Global private equity firm TPG Capital has agreed to buy 74.67 percent of Avon Japan for a total cash payment of ¥7.3 billion (€65.09 million; $90.35 million). The stake is being purchased from the Avon company, which is the largest shareholder in the JASDAQ-listed cosmetics company.
In addition, TPG has offered to pay shareholders ¥74 per share, the same price paid to Avon, for the remaining 25.33 percent of Avon Japan shares.
“We are pleased to conclude this agreement with TPG Capital as we further focus our investments on higher growth opportunities. While Japan is an important consumer market, our analysis indicates that we would need to commit significant additional investment in order to generate profitable growth in the near to intermediate term,” Andrea Jung, chairman and chief executive officer of Avon, said in the statement.
The transaction is expected to close by the end of the year, according to the statement.
Avon has over $10 billion in annual revenue across markets of more than 100 countries, but its Japanese operation accounts for less than 2 percent of the total company sales.

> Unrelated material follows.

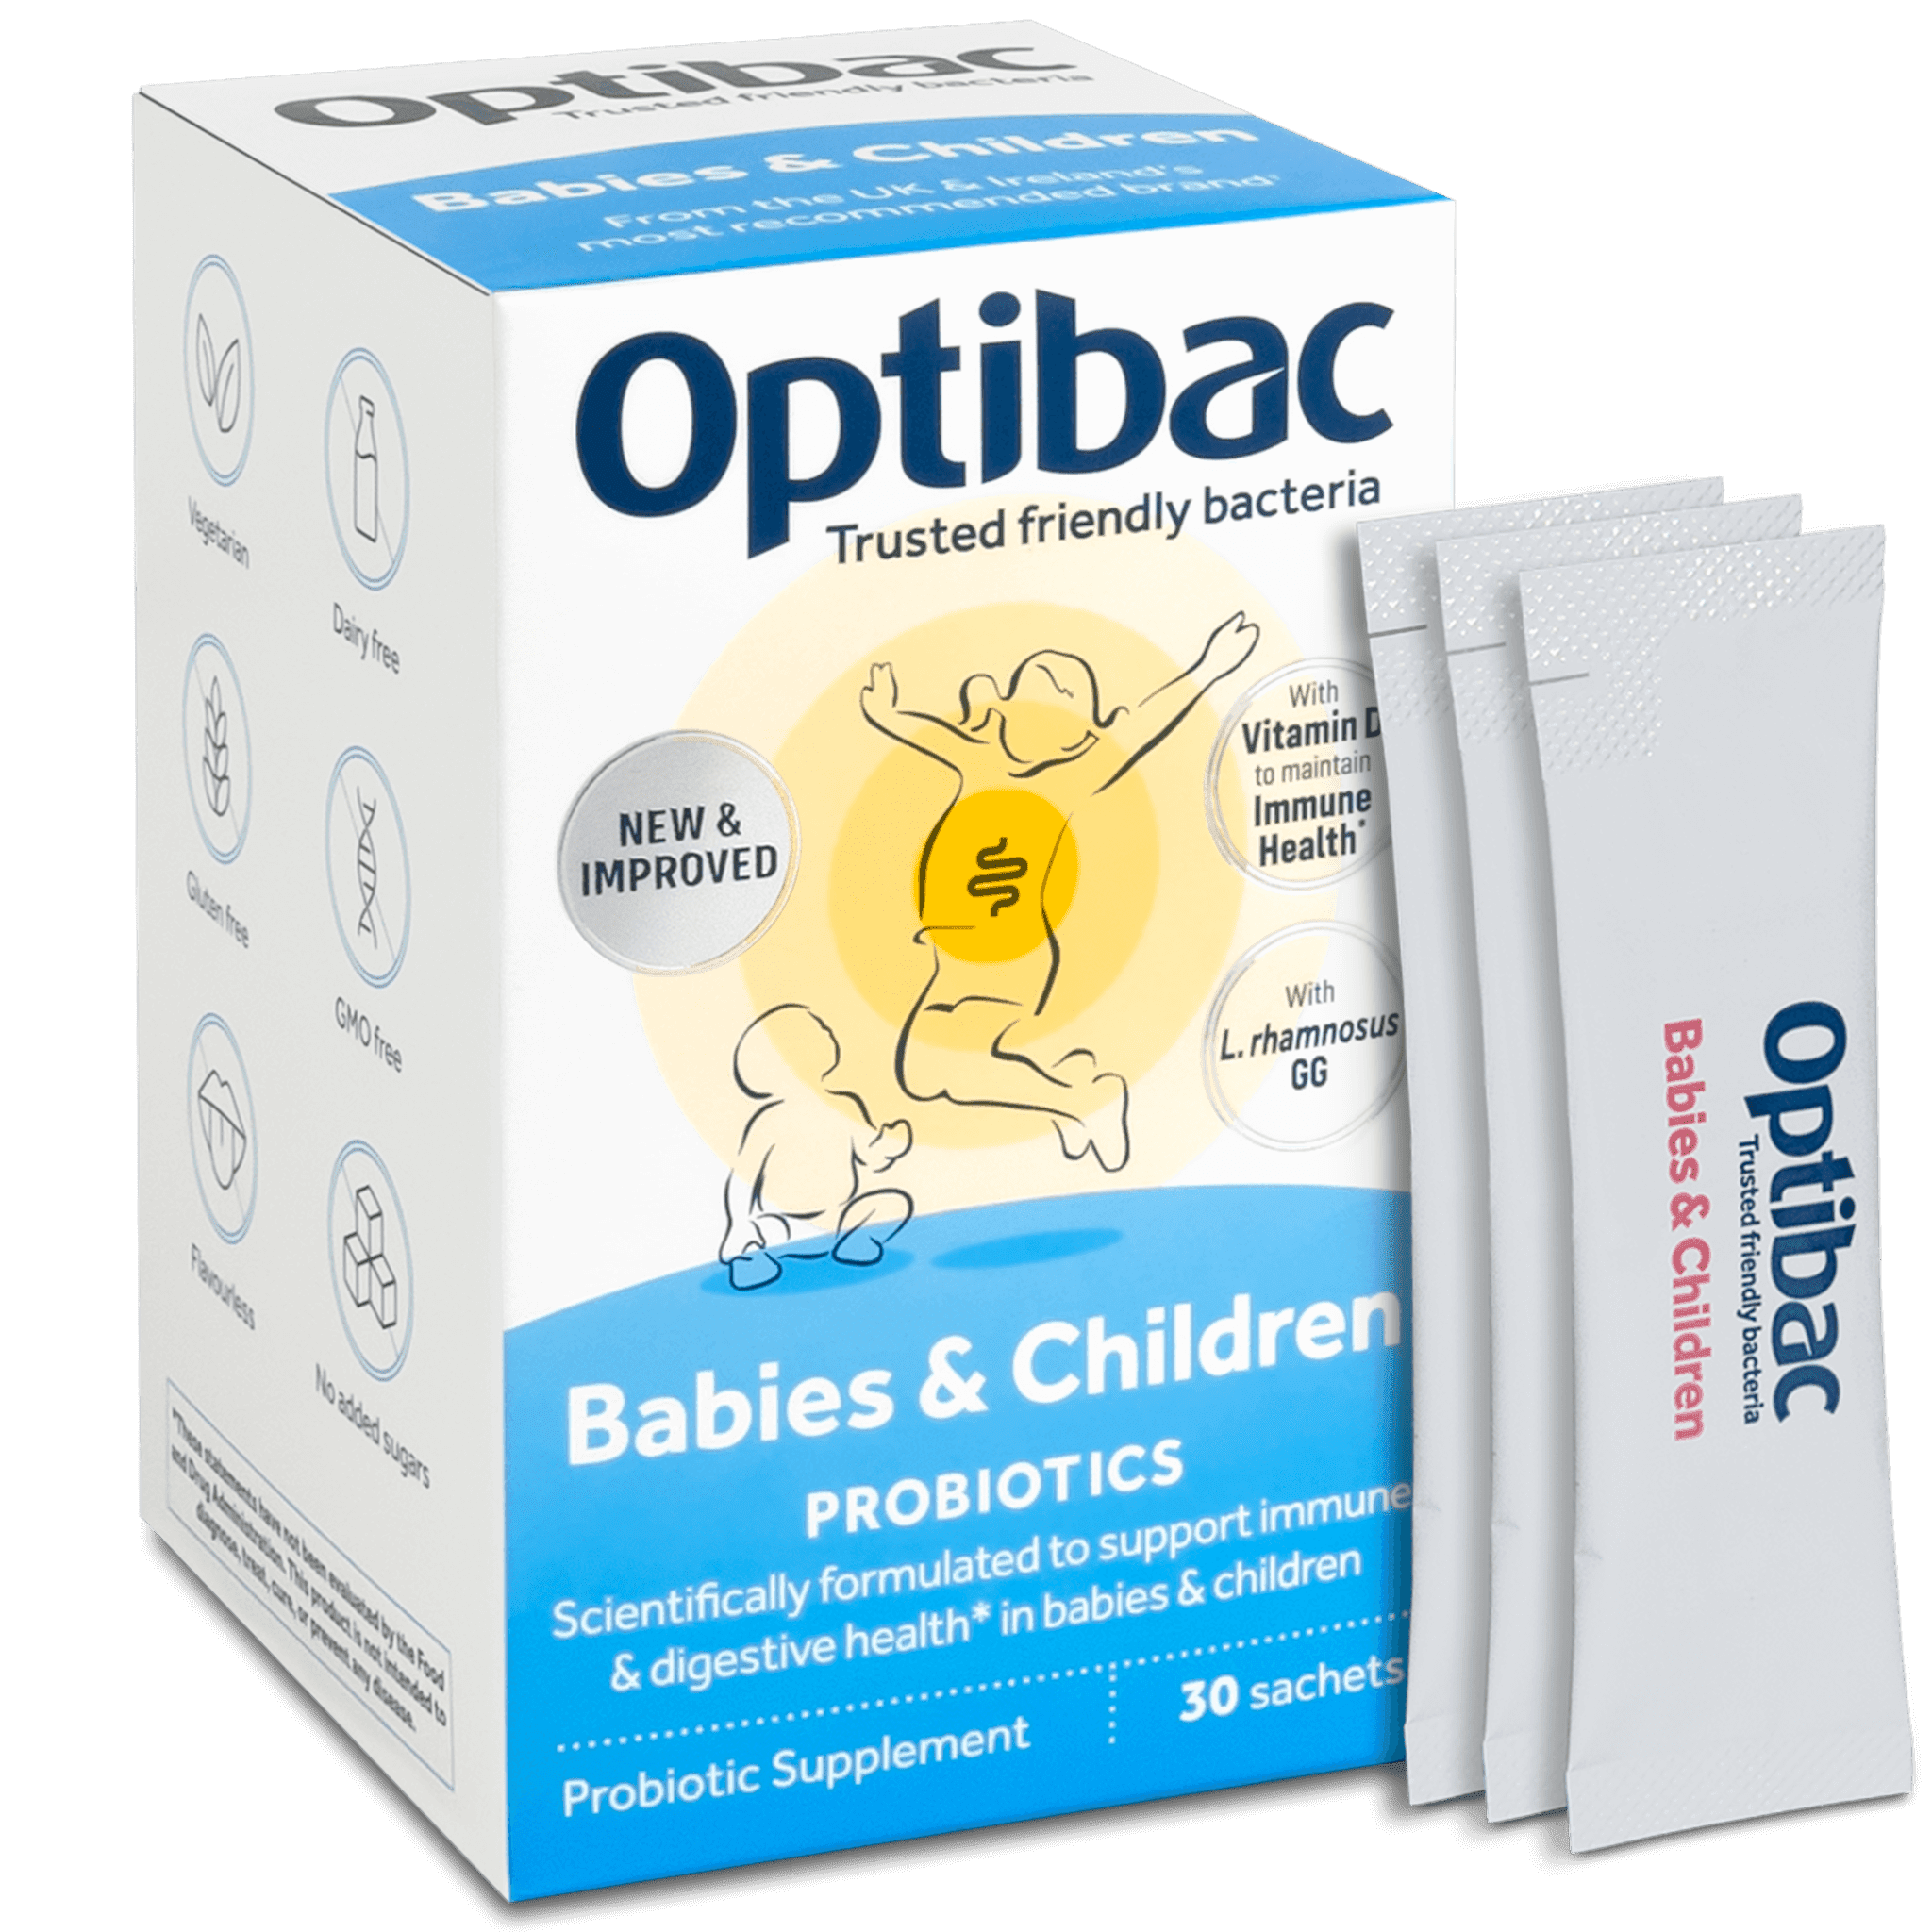 Optibac Probiotics Babies & Children - contents

TPG’s most recent attempt to invest in Japan was with struggling national carrier Japan Airlines (JAL).
The firm joined forces with Oneworld Alliance Member American Airlines (AA) last November and offered to invest $1.1 billion in JAL – an offer that was upped to $1.4 billion in January this year in order to head off a rival bid from Star Alliance member Delta Airlines.
Later in June, JAL and AA applied for antitrust immunity from Japan’s Ministry of Land, Infrastructure, Transport and Tourism – a move which some read at the time as bringing the TPG deal one step closer. However, JAL has secured a ¥350 billion capital injection from Japanese government-backed Enterprise Turnaround Initiative Corporation, which was confirmed at the time the company’s restructuring plan was announced.
TPG’s other portfolio companies in Japan include Japan Telecom, toy maker Tomy Company and JCR Pharmaceuticals.